Michael Onfrek wrote:

> import Tkinter as tk
> 
> Hi! Can you explain what line above mean?
> 
> I also found : http://effbot.org/zone/tkinter-entry-validate.htm
> 
> It works for me, but I not really  understand how? :)

>> import Tkinter as tk

Make objects defined in Tkinter available under the tk prefix.
E. g. to access an Entry you can do 'tk.Entry'. Had you imported it 
'import Tkinter' you would have to do 'Tkinter.Entry' instead. So you
are saving a few keystrokes. Doing 'from Tkinter import *' saves you still
more keystrokes but is considered bad style except for demonstration
purposes.

>> var = tk.StringVar()
>> entry = tk.Entry(root, textvariable=var)
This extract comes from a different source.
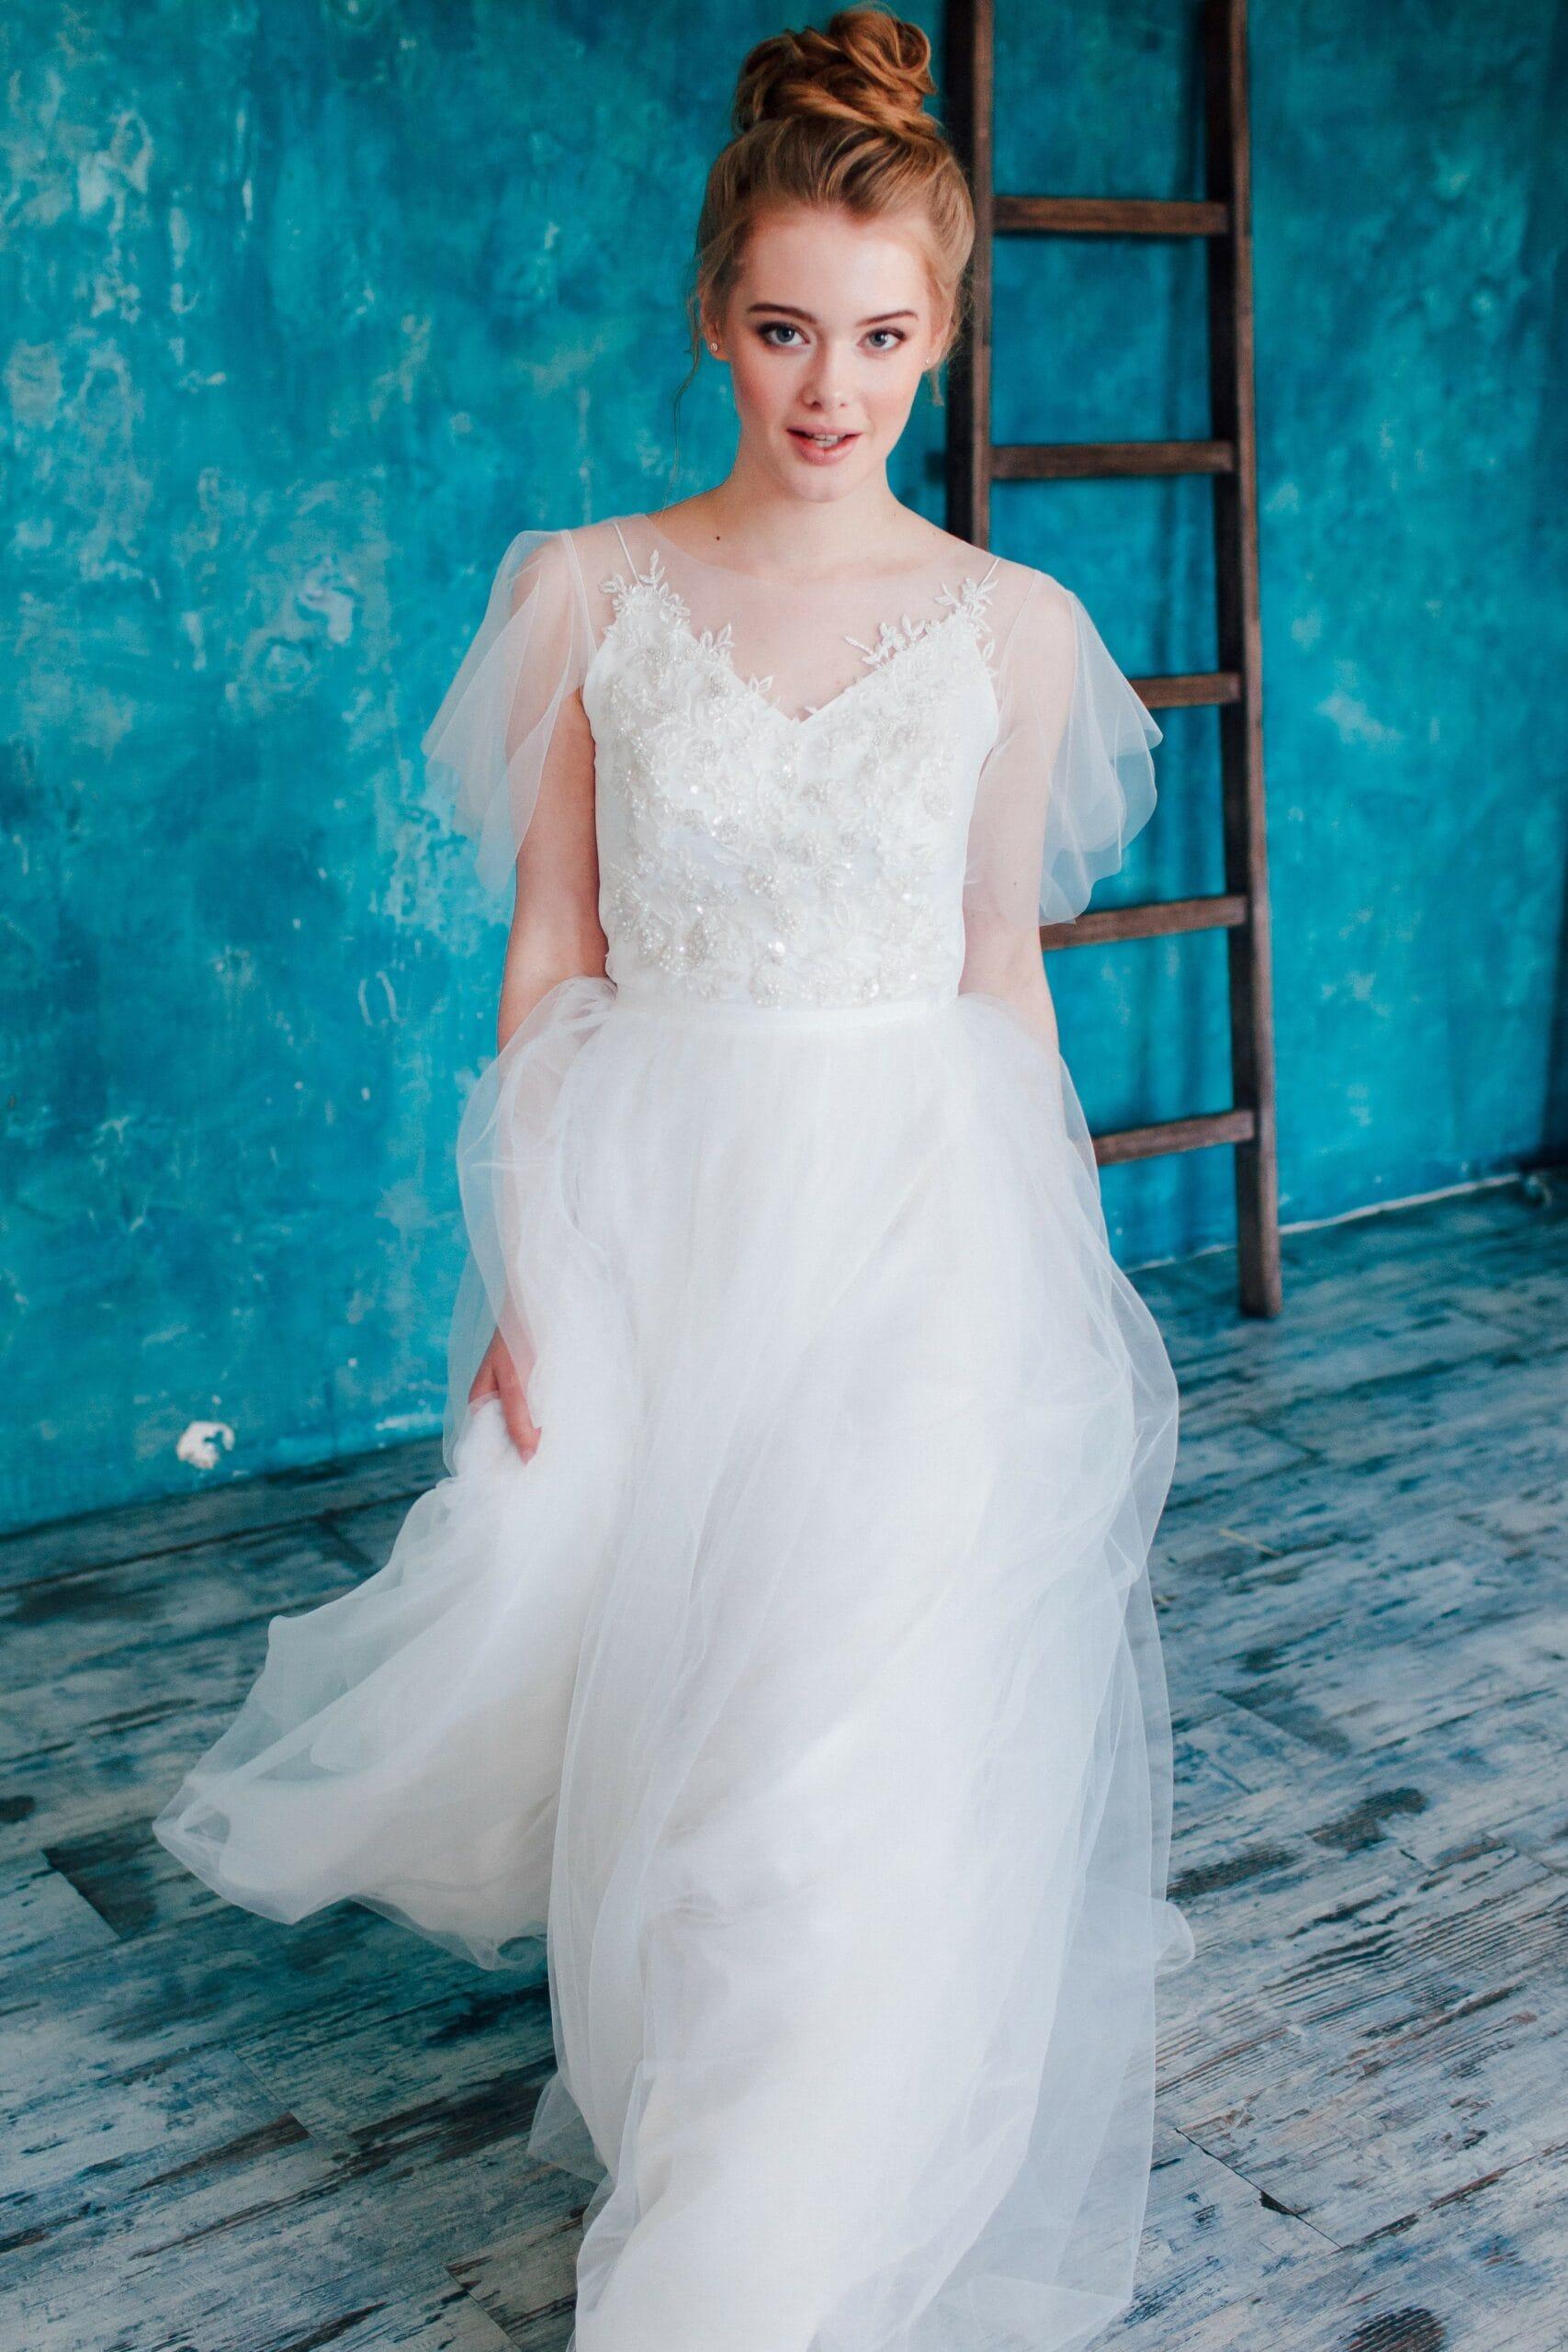 Свадебное платье EXOUSIA, коллекция THE ANGELS, бренд RARE BRIDAL, фото 2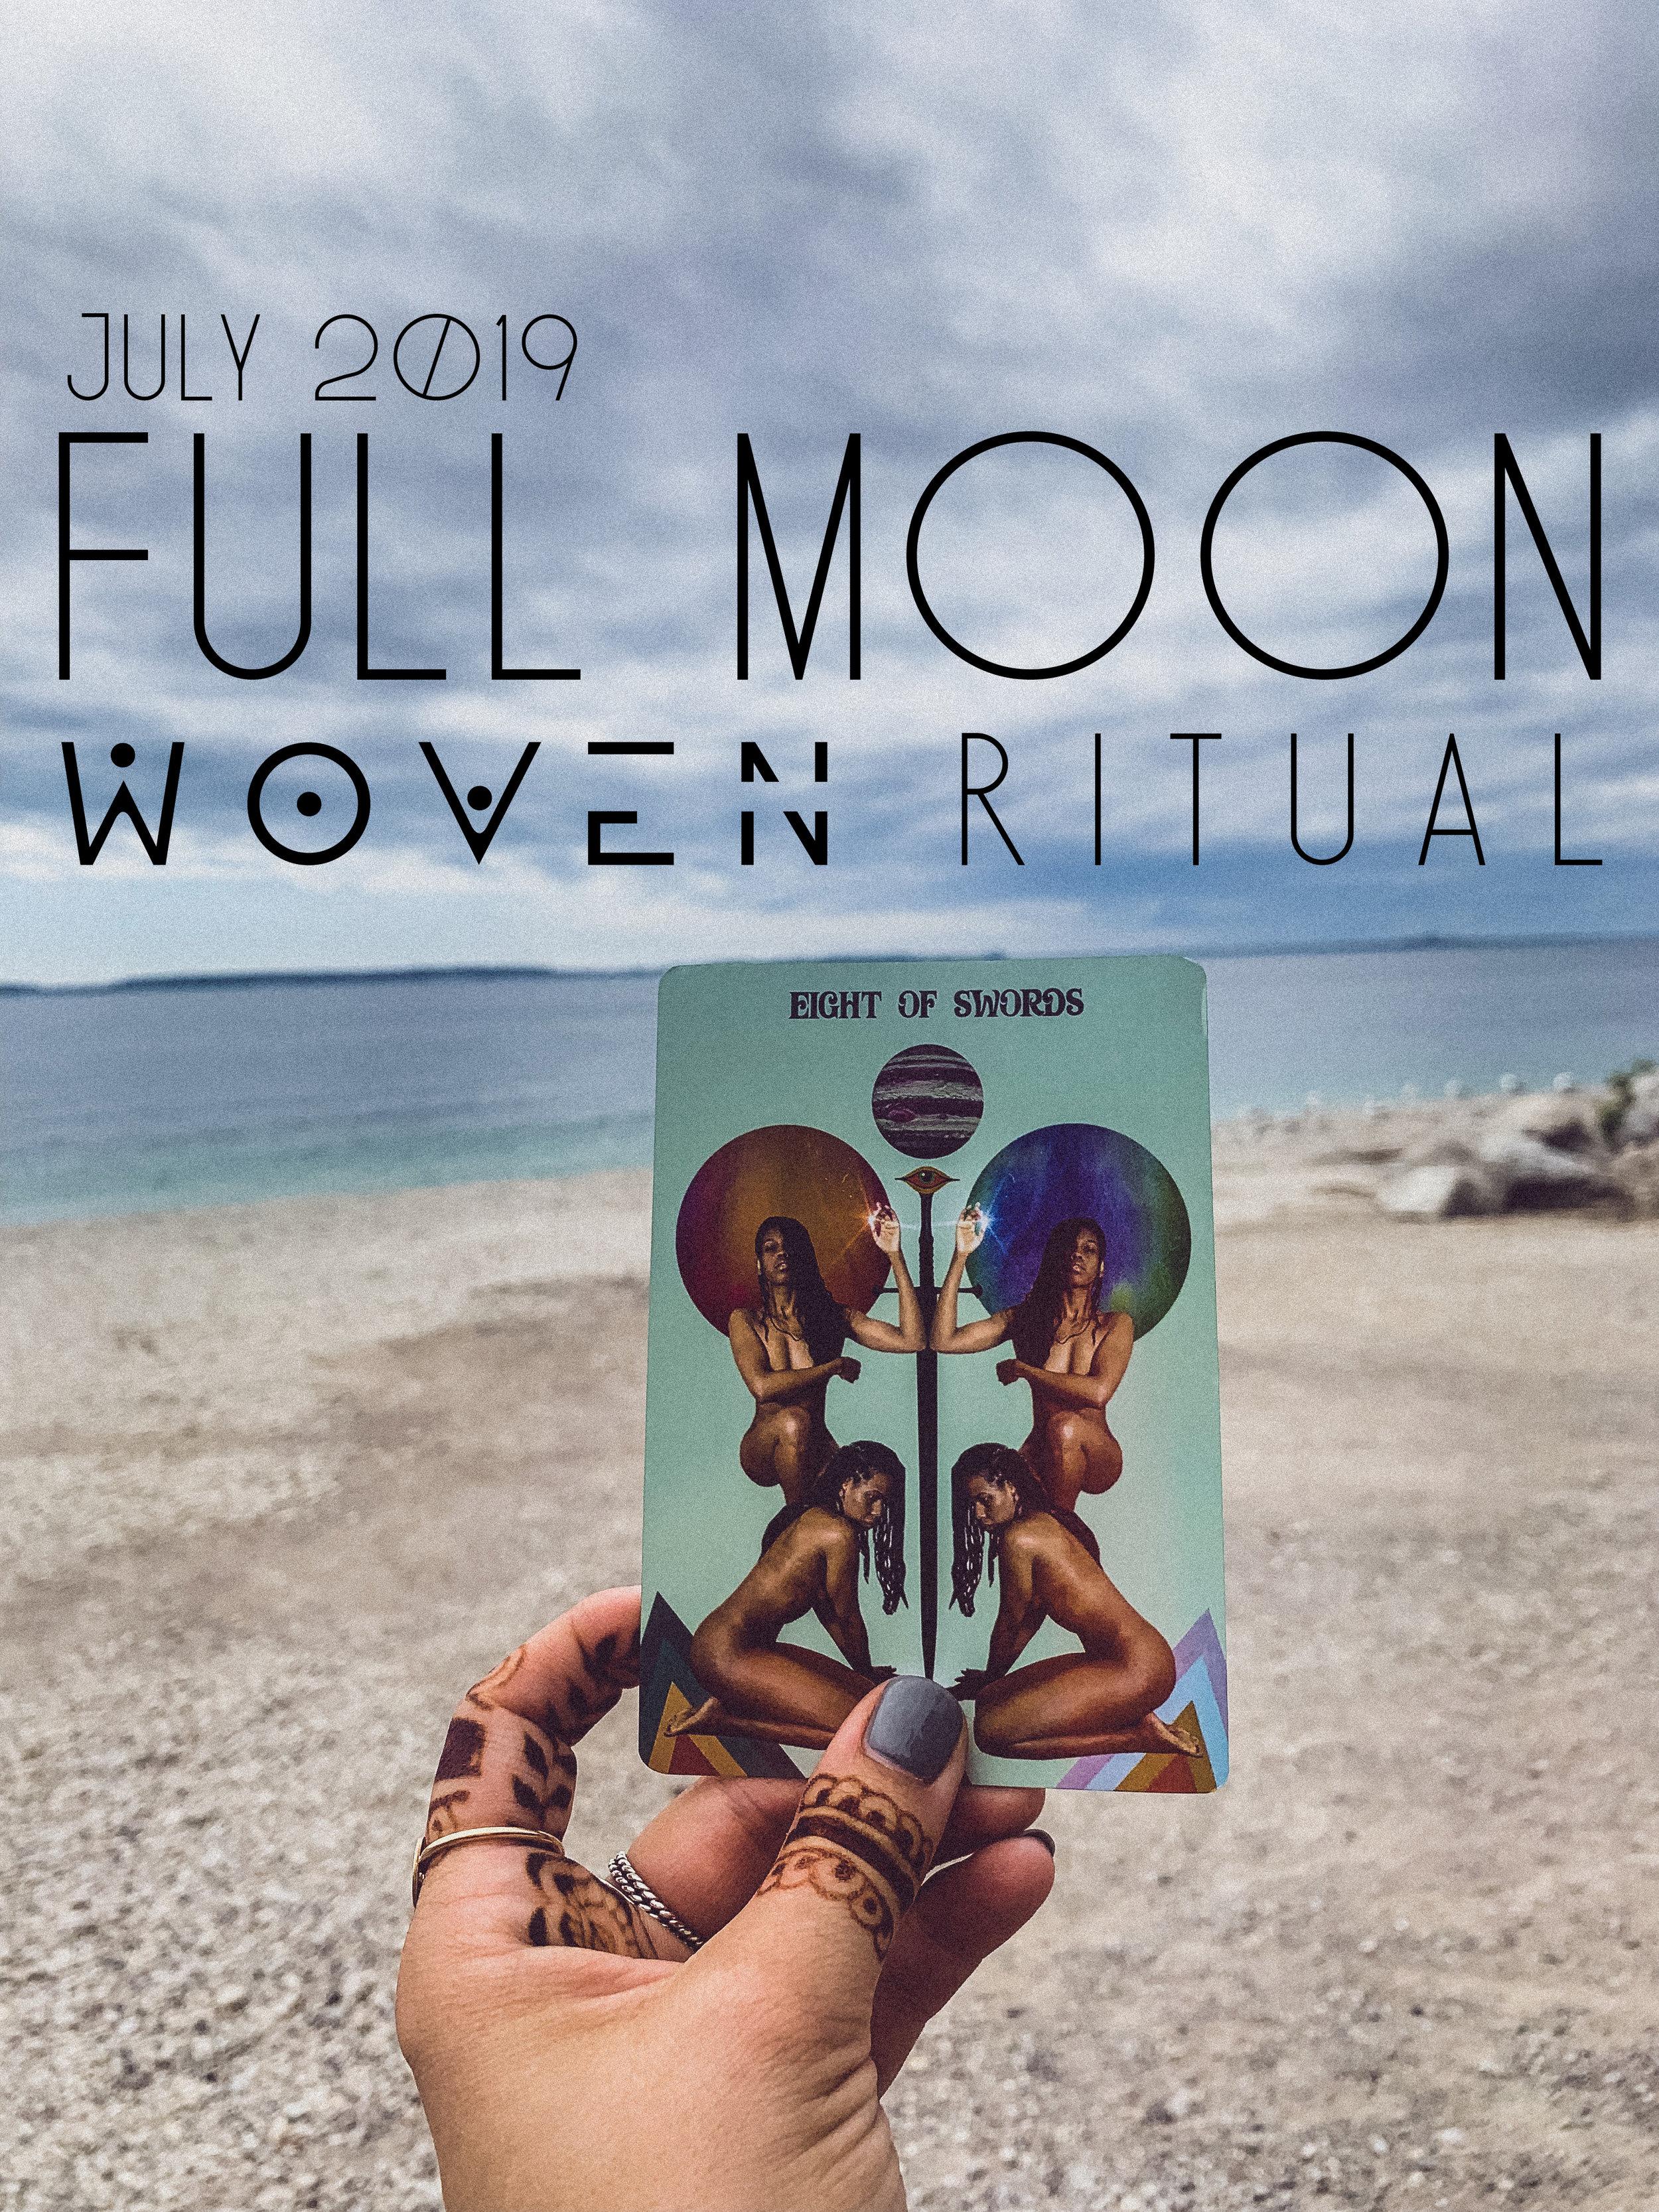 8 of swords for Full Moon + Lunar Eclipse July 2019

Create a StringVar and connect it to the Entry widget. Any changes the user
makes in the Entry are reflected in the StringVar's value which can be
accessed with its get() method.

>> max_len = 5
>> def on_write(*args):
>>     s = var.get()
>>     if len(s) > max_len:
>>         var.set(s[:max_len])

Define a function that doesn't care about the arguments passed to it. It 
reads the current value of the StringVar 'var' and, if necessary, trims it
to 'max_len_' characters.

>> var.trace_variable("w", on_write)

Tell the StringVar to call the function on_write() every time its value is
changed. So every time the user edits the data in the Entry, in turn the
Entry changes the data of the StringVar, which calls the on_write()
function which may or may not change the StringVar -- and that change is
reflected in what the Entry displays. This smells like an endless loop, but
so far we seem to be lucky...

If you look again at Fredrik Lundh's ValidatingEntry, you will find all the
elements explained above packed nicely into one class, with the extra
refinement that he keeps another copy of the value which is used to restore
the old state when the new value is found to be invalid.